As stores begin to display Christmas wares way too early, and holiday commercials are rushing us into the holiday mentality, I can’t help but revisit memories of childhood Christmases surrounded by family, tradition, and the spontaneous ride of a lifetime.  I must have been twelve or thirteen, and it was an exceptionally cold Christmas Day in New Jersey. As my big family was prone to do, we were all gathered at my aunt and uncle’s house for what was our yearly tradition. It looked much like every Saturday did for us, with our big loud Cuban family cooking, dancing, and just enjoying each other’s company. The only difference was we were all dressed in our holiday best. The previous night, Christmas Eve, we had enjoyed a delicious menu of roasted pork, yuca, black beans and rice, and all the traditional foods reserved for that time of year.

For me, the highlight of the evening always came after dinner. My aunt, my dad’s oldest sister, spent weeks leading up to Christmas Eve organizing what she simply termed, “Chistes” (translation: Funnies). Everyone would pull their chairs into a circle and one by one we would each take the spotlight. Names had been randomly drawn in a top-secret ceremony where my aunt was the only one privy to the names selected.

The gist of the activity went as follows: You drew a name in advance, then purchased or created an item that was telling of that person’s year, and wrote a limerick to go with it.  I recall getting a gymnast Smurf the year I started gymnastics. I think one of my uncle’s got a wig the year he started losing his hair. There were no rules, and amazingly no one ever got their feelings hurt. That particular year, my dad got a plastic lobster since the highlight of his year was fishing in the Florida Keys and freezing his catch for a big paella later in the year.

This must have been the trigger because shortly after we wrapped “Chistes” my dad and my uncle started reminiscing about Florida and the warmer weather. That very night, it was decided that we would all take a road trip the day after Christmas! And thus, the “ride of a lifetime” was born.

At thirteen, you would think this ride involved my first time on a Harley in some Sons of Anarchy fantasy, but that ride didn’t happen until my 30’s (that moment was captured here).

Ride of a Lifetime

No, this ride was in a sixteen passenger van that automatically became a twenty passenger van for my big Cuban family in a time before seat belts were the law. Each family was told to pack only one bag, difficult to do for those families of four, but somehow we managed. Not only did we need enough room for passengers and luggage, but we also needed room for sandwiches and snacks because our income bracket didn’t allow for restaurants of any kind. My dad’s prized possession and the instrument to get any party started, his Ricky Ricardo conga drum also had to make it in the van.

Dad's Ricky Ricardo Drum

We were squeezed together like sardines. Napping was a luxury, especially when you had a relative’s foot in your face because somehow they decided they needed more beauty sleep than the rest of us. Stops at the gas station were a real treat, and to spectators we must have looked like a circus was in town. Each time, we had to unload the conga drum and several bags, so we could all pile out one by one to use the restroom.

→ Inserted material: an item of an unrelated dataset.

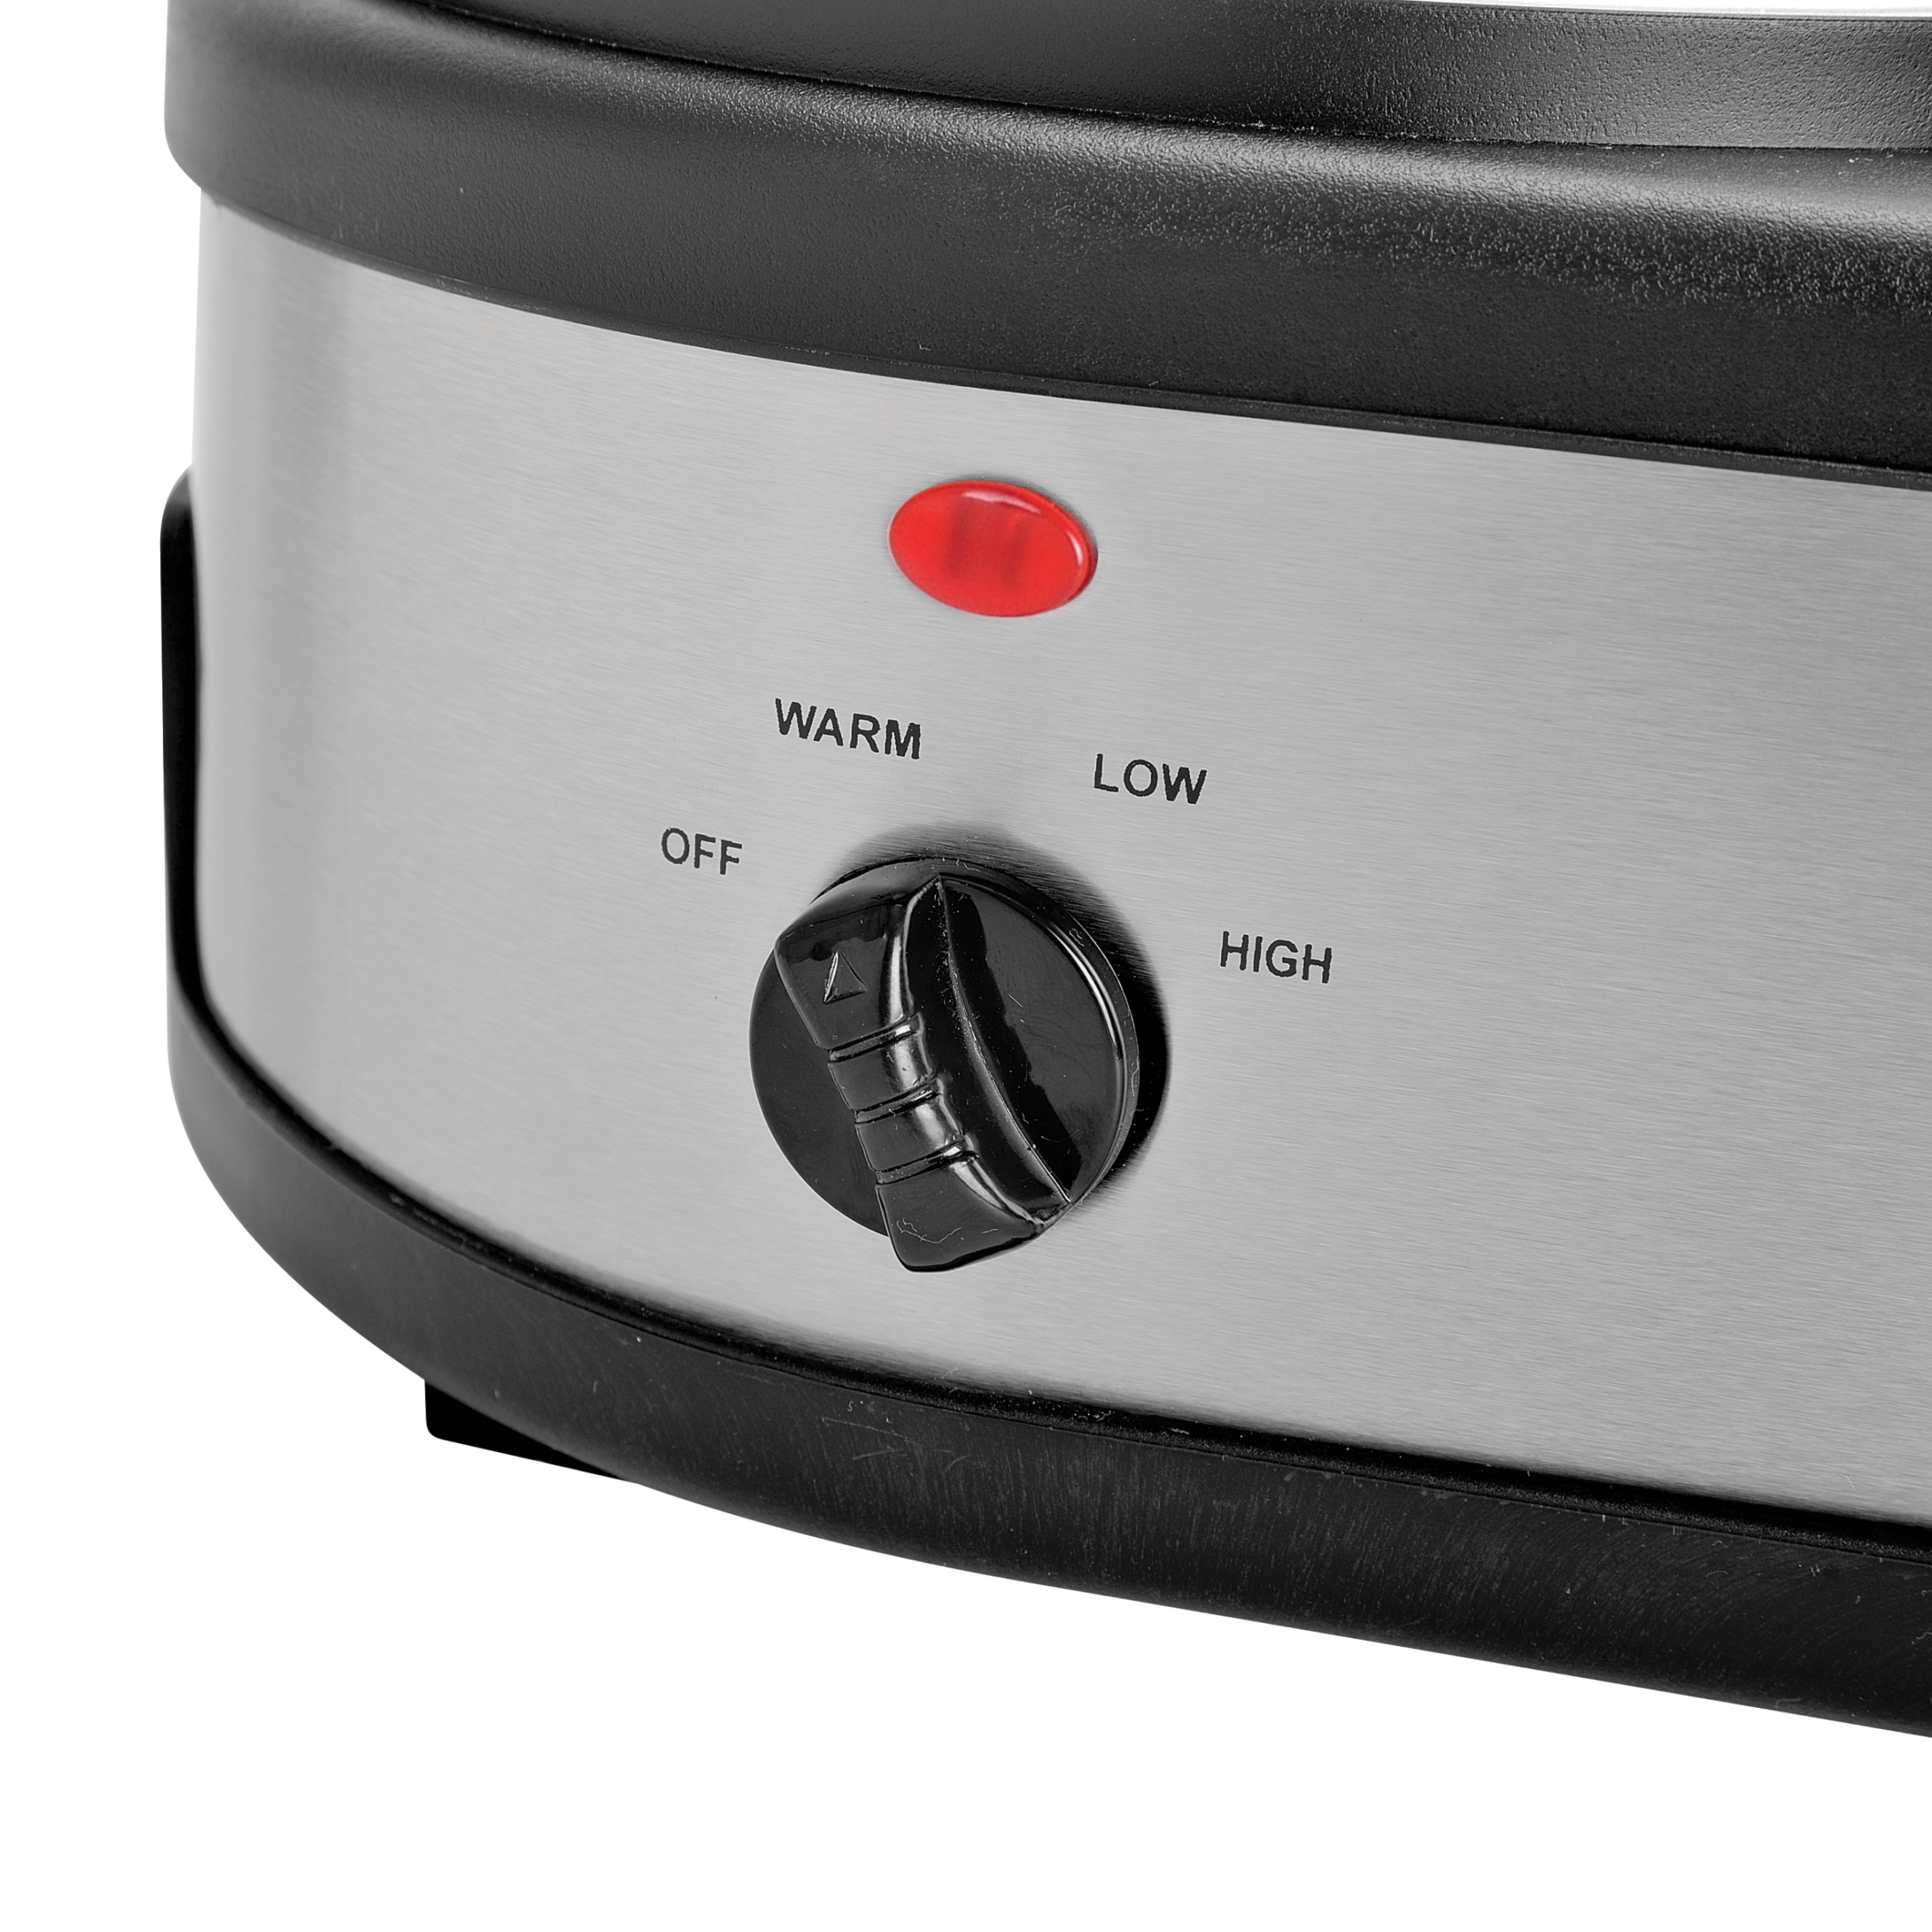 Bergner Supreme Twin Pot Slow Cooker with 1.5 Ltr capacity

The entire trip took 21 hours, but the memories of that trip have lasted a lifetime.

Do you have memories of a spontaneous “ride of a lifetime”

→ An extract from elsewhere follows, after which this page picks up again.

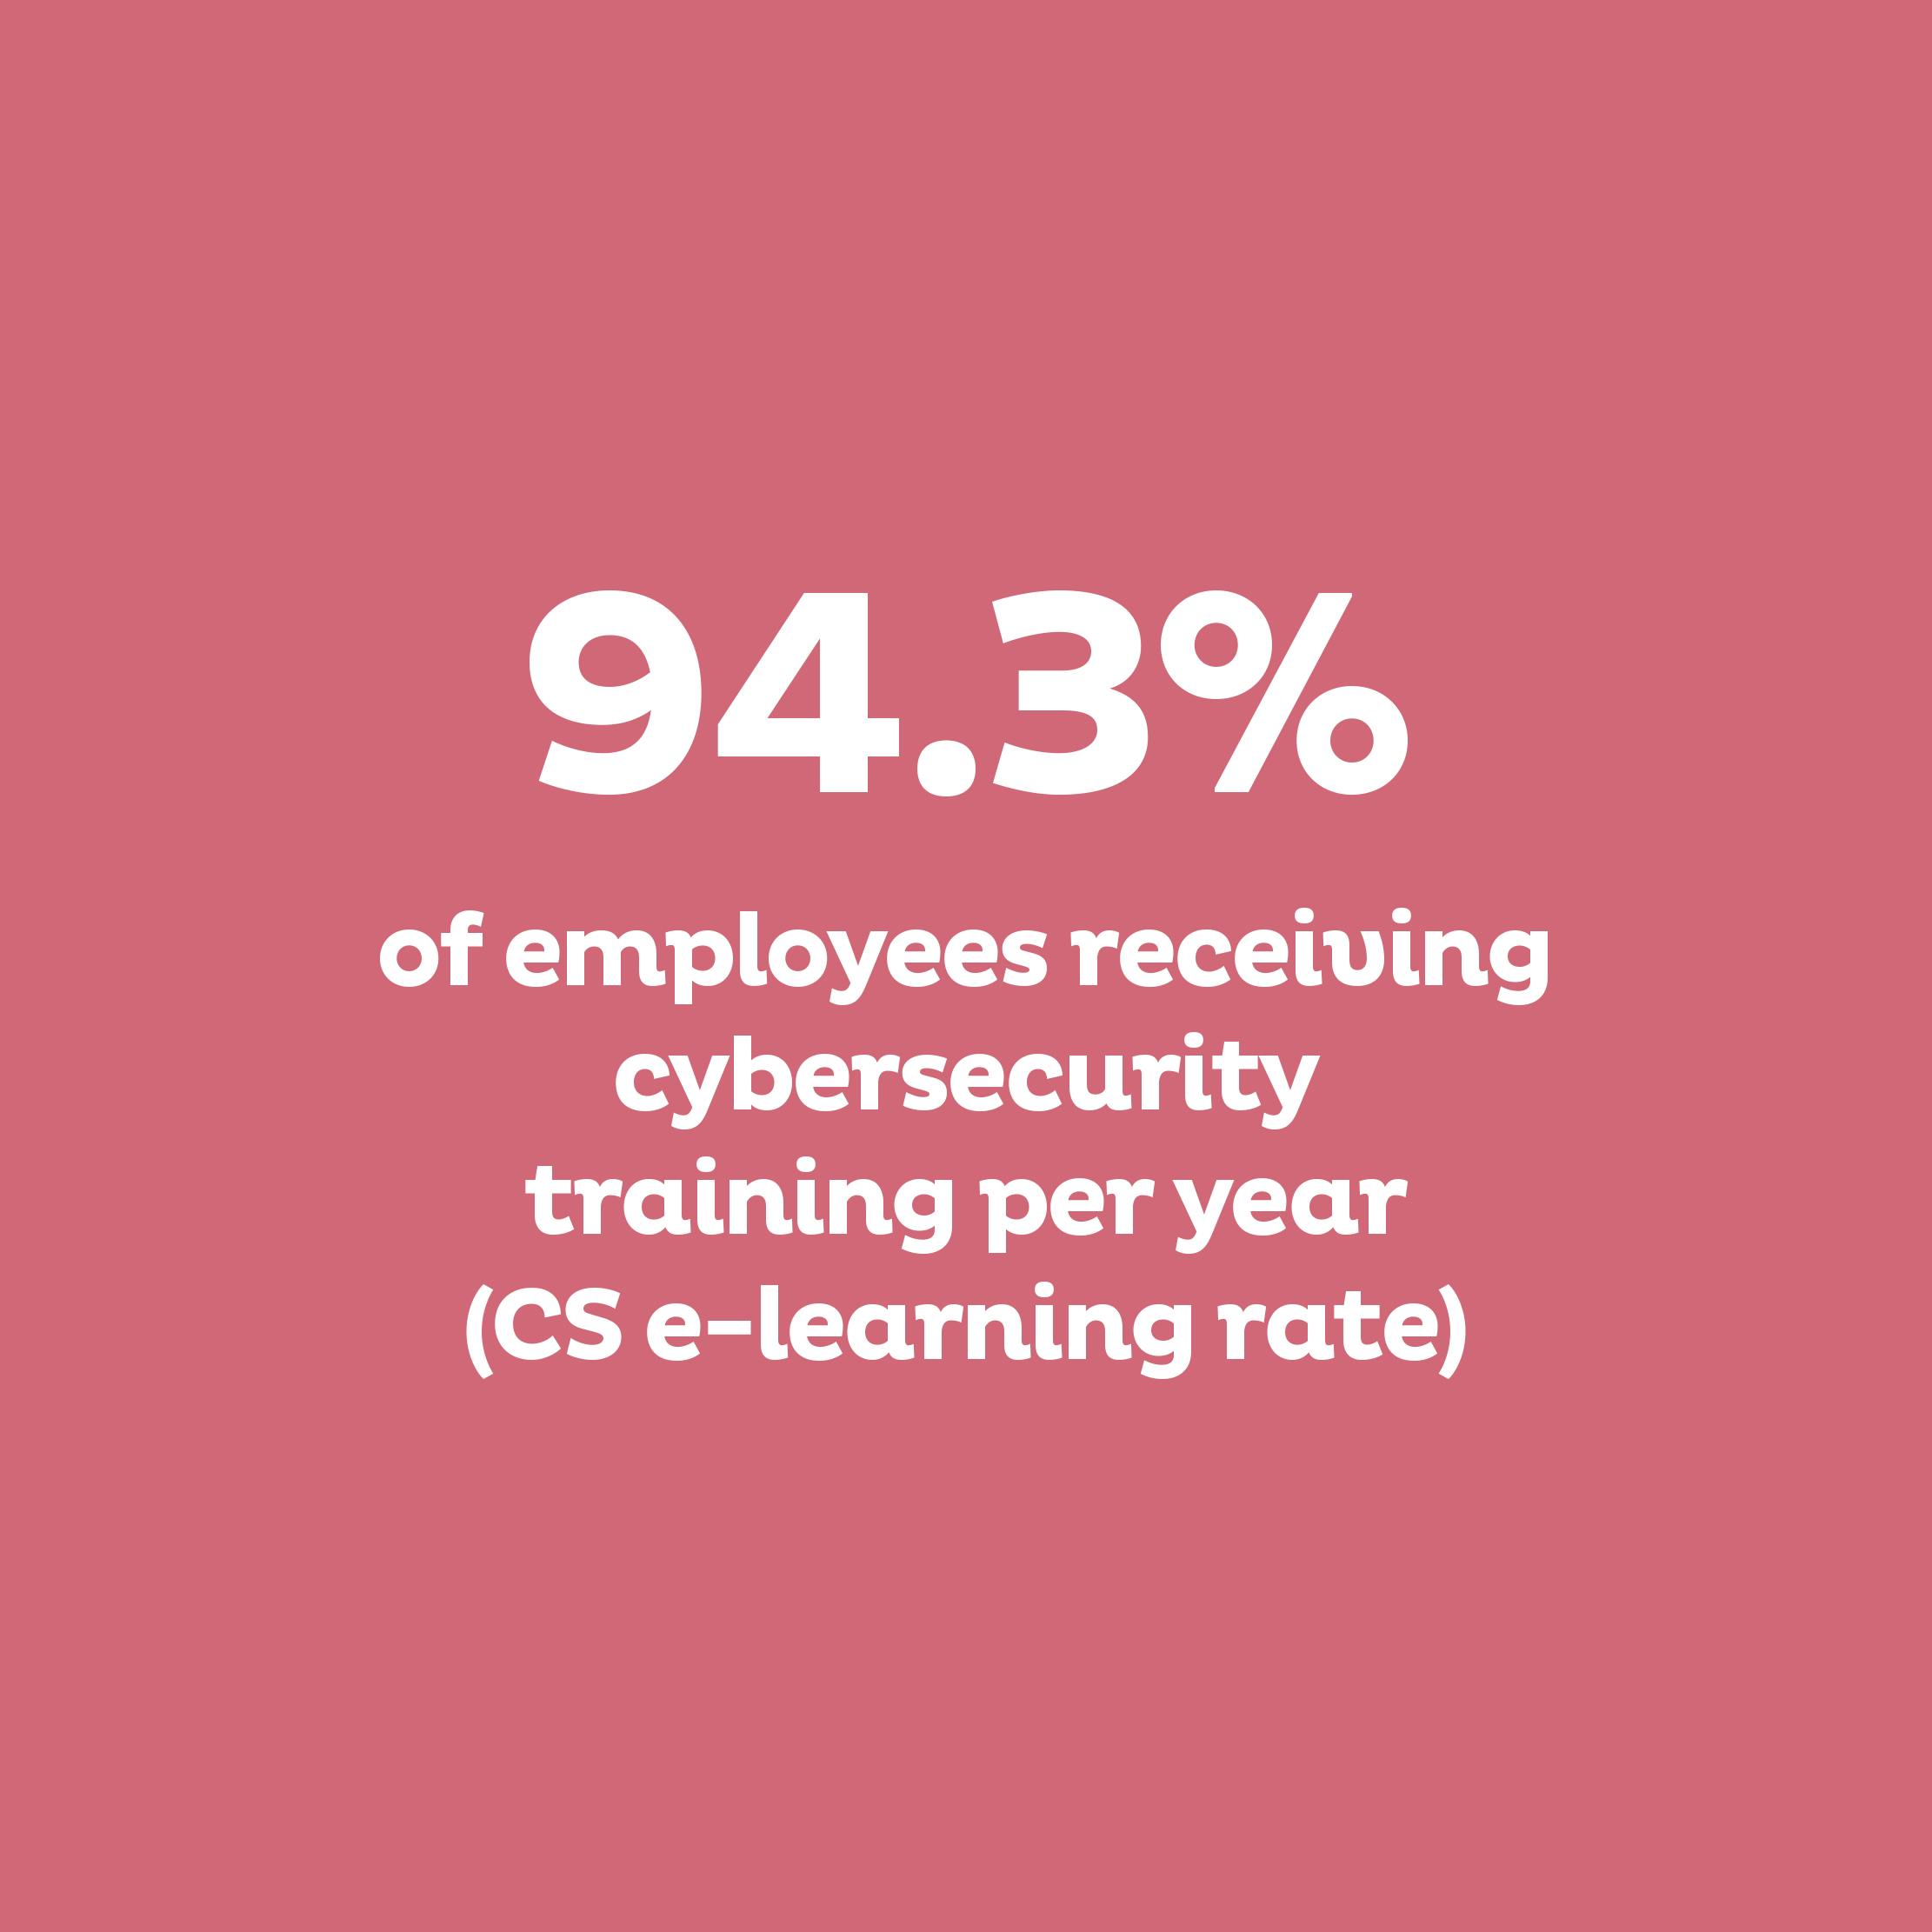 94.3% of employees receiving cybersecurity training per year (CS e-learning rate)

(clean enough to share here)?

How about fond memories of holiday traditions?

9 thoughts on “The Ride of a Lifetime

  1. Gosh! You make me wish I grew up in a big family. Holidays were quiet around my house. But there was one tradition I remember well. My mom would dump hay near the Christmas tree, then hide a bunch of coins and chocolate inside. I loved digging in the hay more than opening store bought presents!

    1. I love your mom’s tradition and can definitely see how exciting that would be to a young child. It’s funny how the simple things are the ones that seem to mean the most. Furthermore, those memories are also the ones we seem to relive in our adult minds with the most fondness.

    1. Thank you! We live so far from family nowadays that I miss those traditions even more. And yet, I want my children to always wake up in their own home Christmas morning. Can’t have it all I guess! Hope you’ve been well.

  2. We have a double ride of a lifetime. For my daughter’s 13th birthday, we had the once-in-a-lifetime opportunity to go to Tokyo thanks to a business trip my husband was involved in. That alone would have made it forever memorable, but we went in March of 2011, so on our second day in Tokyo we experienced the 9.0 earthquake. For us stable grounded Midwesterners, it was our first earthquake experience ever. Ended up being a doozy. Needless to say, we will NEVER forget that ride.